Handwriting dos and don’ts
Handwriting can sometimes be boxed into certain areas, with an emphasis on learning key words and ‘proper’ handwriting. But opening our minds to what constitutes a valuable writing activity is the key to inspiring kids to be motivated to write, and not just for their school assignments. Children should be given opportunities to write for themselves, without pressure – just for the enormous value and sheer joy the activity holds. Get started by following our tips.
- Be positive, supporting and encouraging.
- Be a good role model, and let them ‘catch you writing’! Explain what and why you are writing, even if it’s just a shopping list, a birthday card or a note to the teacher.
- Have a writing space, a table or area dedicated to writing activities.
- Make writing fun!
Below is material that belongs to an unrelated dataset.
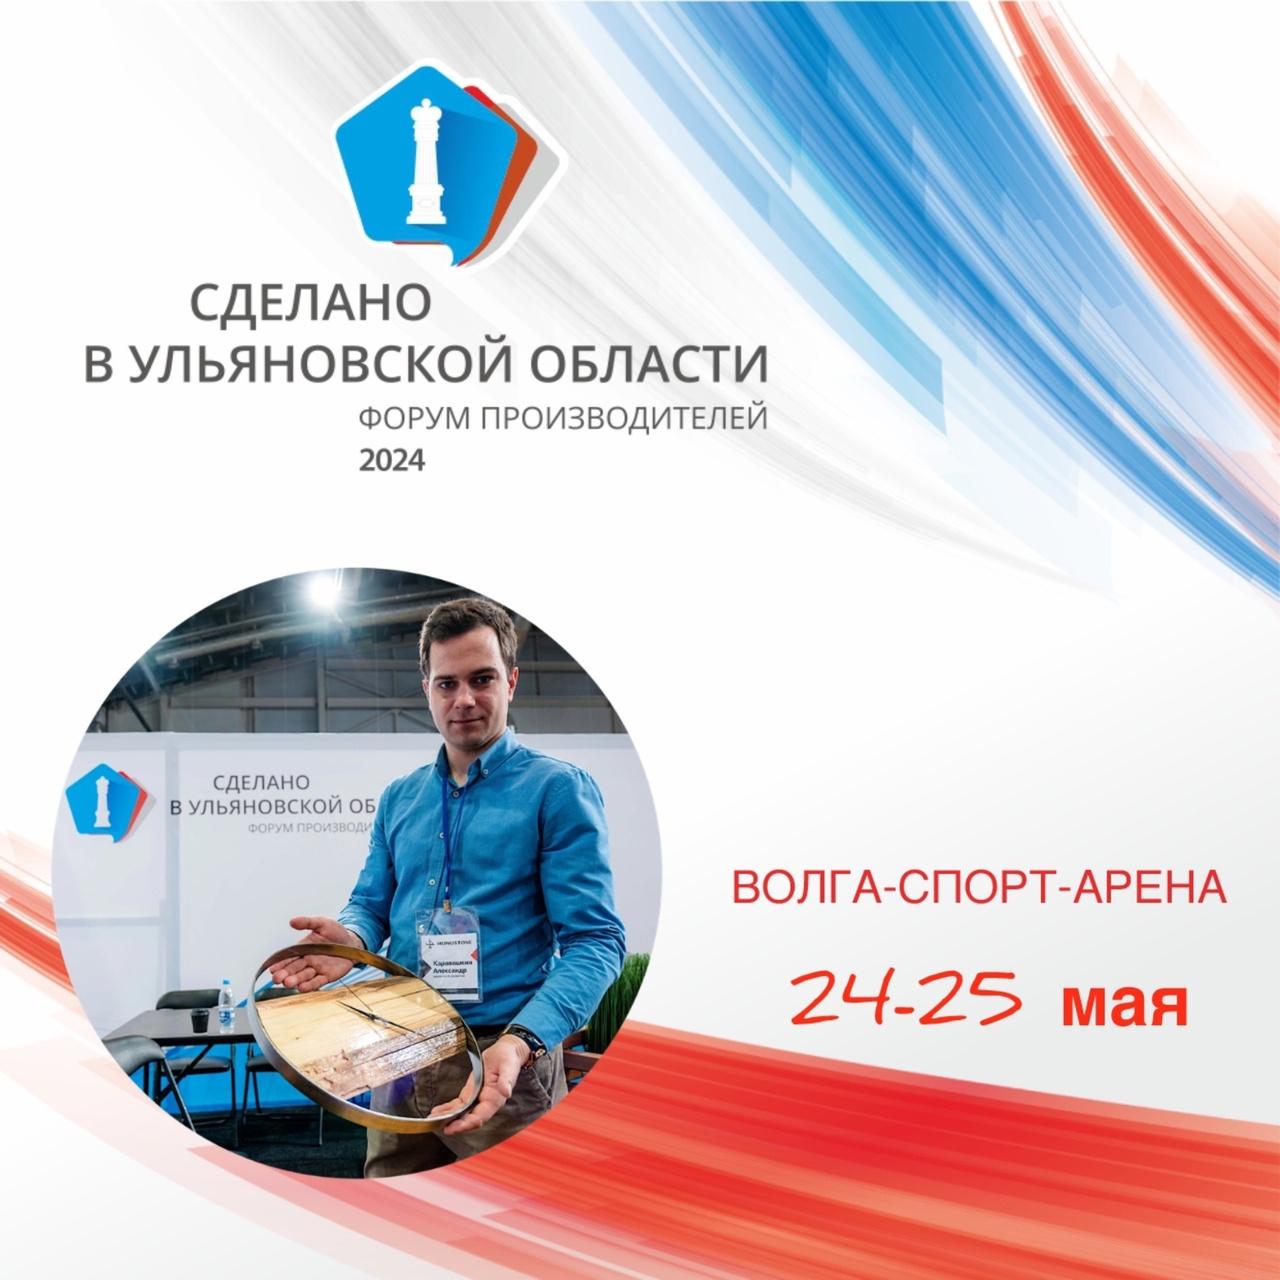 Форум-выставка «Сделано в Ульяновской области» пройдёт 24 и 25 мая в Ульяновске.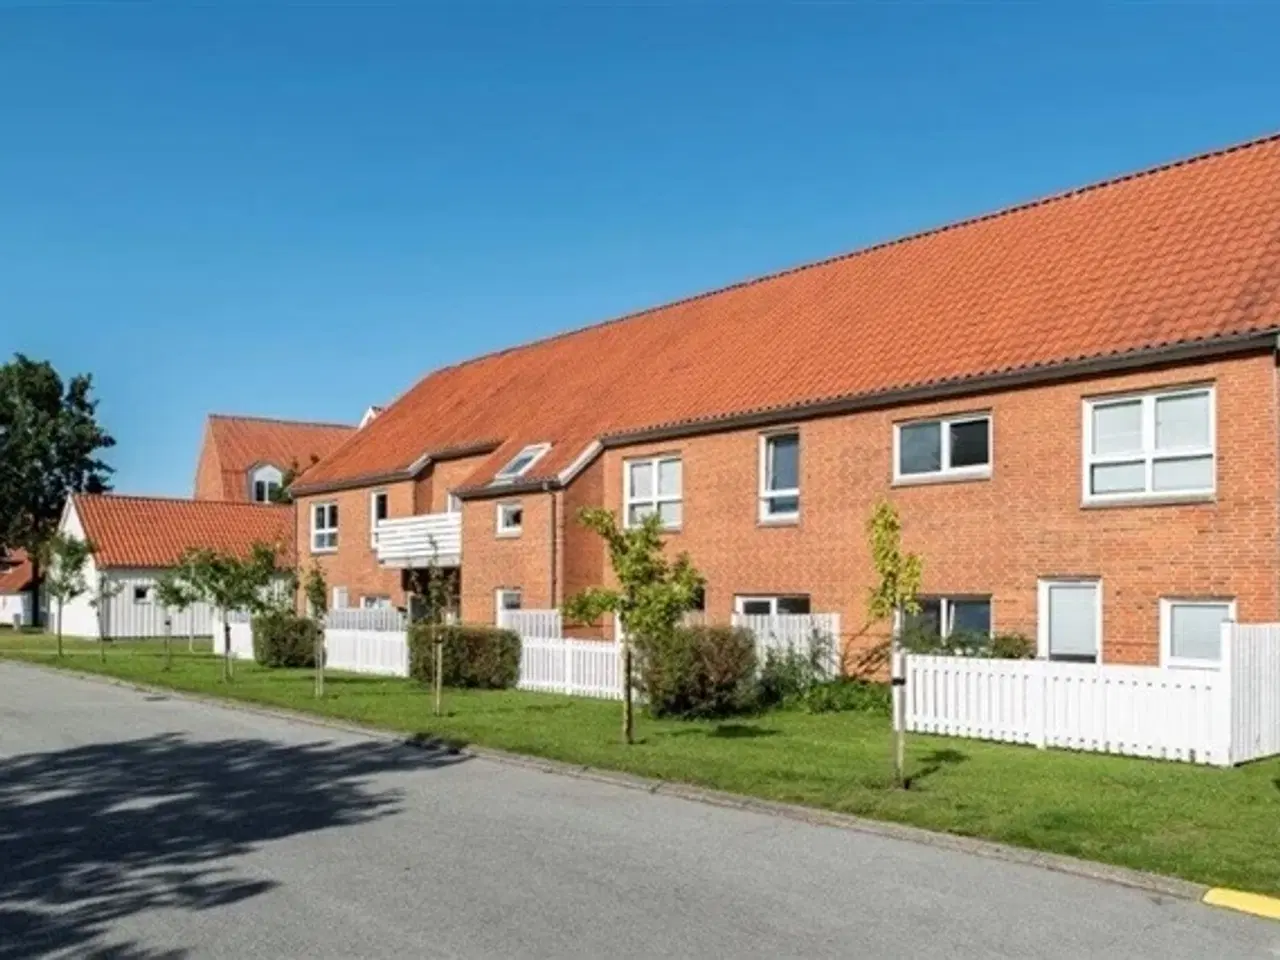 Billede 1 - Markedsvej, 80 m2, 3 værelser, 5.657 kr., Frederikshavn, Nordjylland

Write tongue twisters using alliteration, or funny poems together, taking it in turns to note down what you come up with.
- Let your child work at their own pace, so they’ll build up speed and skill naturally.
- If they bring written work back from school, offer special rewards (stickers, certificates to post on the fridge, etc).
- Pile on the pressure – encourage independent learning by letting your child strengthen their handwriting skill at a pace that suits them.
- Compare against peers – remember all children develop at different times and stages.
- Fret too much over misspellings or poor handwriting – they can’t concentrate on everything at once!
Have a special box for your writing materials, including:
- Pens of all kinds
- Special letter-writing paper
- Child-safe scissors and stapler (needed for making books)
- Pencils – sparkly, coloured, whatever!